By Elizabeth Dilts Marshall
NEW YORK (Reuters) – The biggest U.S. banks will stop buying back their own shares, and will instead use that capital to lend to individuals and businesses affected by the coronavirus, an industry trade group said on Sunday.
The Financial Services Forum said its eight members – JPMorgan Chase & Co (N:), Bank of America Corp (N:), Citigroup Inc (N:), Wells Fargo & Co (N:), Goldman Sachs Group Inc (N:), Morgan Stanley (N:), Bank of New York Mellon Corp (N:) and State Street Corp (N:) – would each halt share repurchases through June 30.
“The COVID-19 pandemic is an unprecedented challenge for the world and the global economy and the largest U.S. banks have an unquestioned ability and commitment to supporting our customers, clients and the nation,” the group said in a statement, referring to a severe and sometimes fatal respiratory infection that stems from the coronavirus.
The decision follows pressure from some U.S. lawmakers, who last week urged big banks to stop using funds to repurchase shares and instead support the economy.

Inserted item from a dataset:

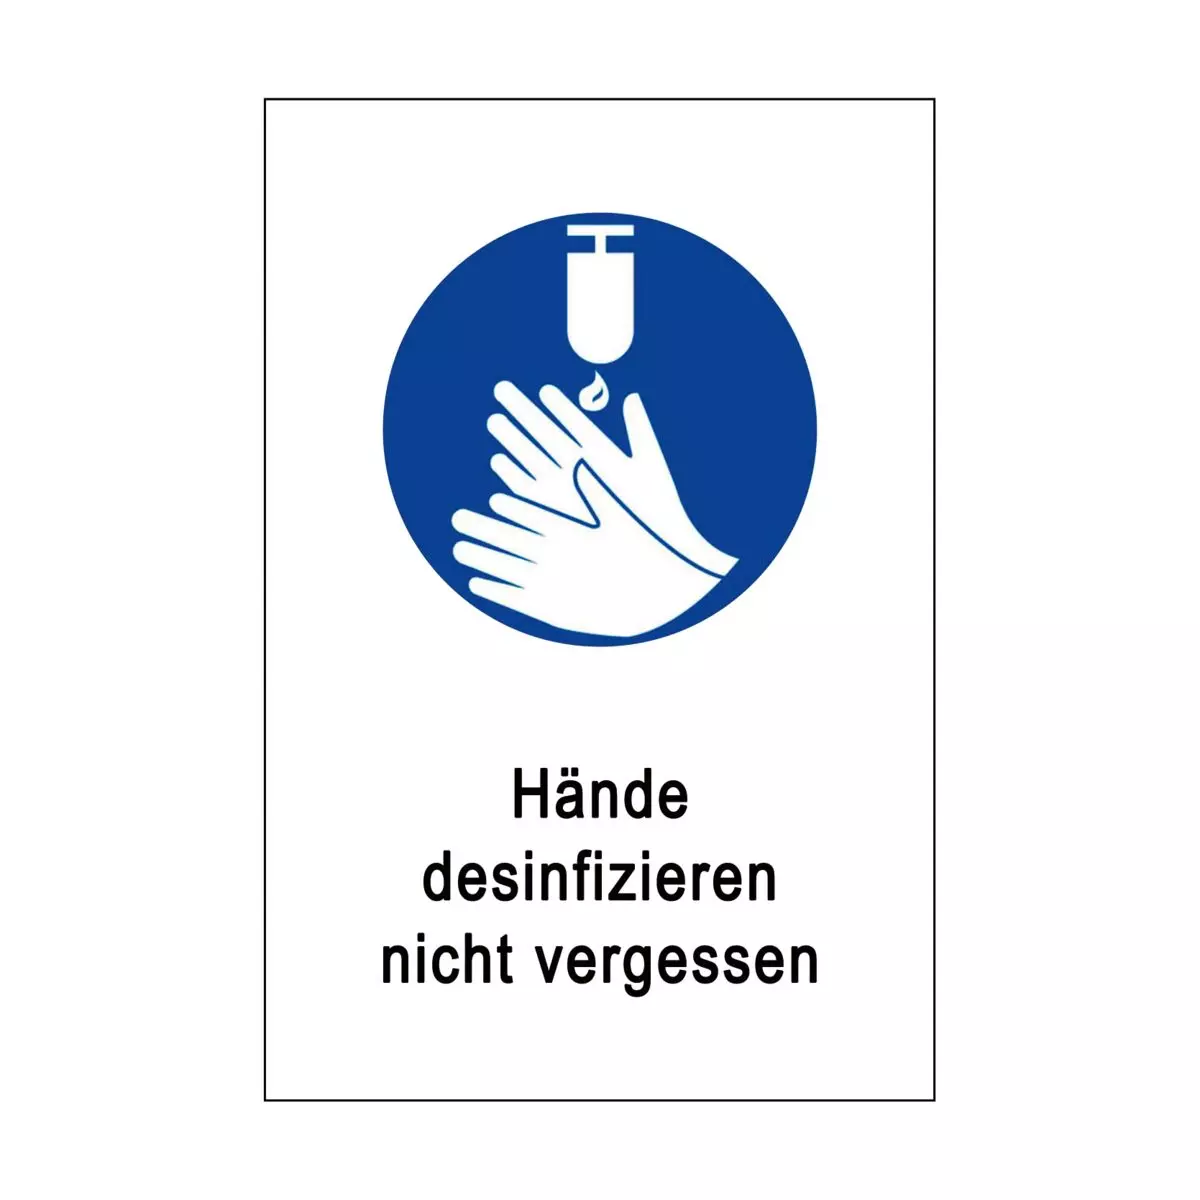 Information sign: Don't forget to disinfect your hands - foil

It also comes within hours of the U.S. Federal Reserve slashing interest rates further and Wall Street’s home city, New York, detailing plans to close schools and senior centers, and toughen enforcement of restrictions on bars and restaurants.
The banks said their decision was consistent with actions by the Fed, the White House and Congress.
JPMorgan, the largest U.S. bank, said in a separate statement that it will use the extra funds to support lending to individuals, business owners and governments, and add liquidity in capital markets, “even if circumstances get dramatically worse.”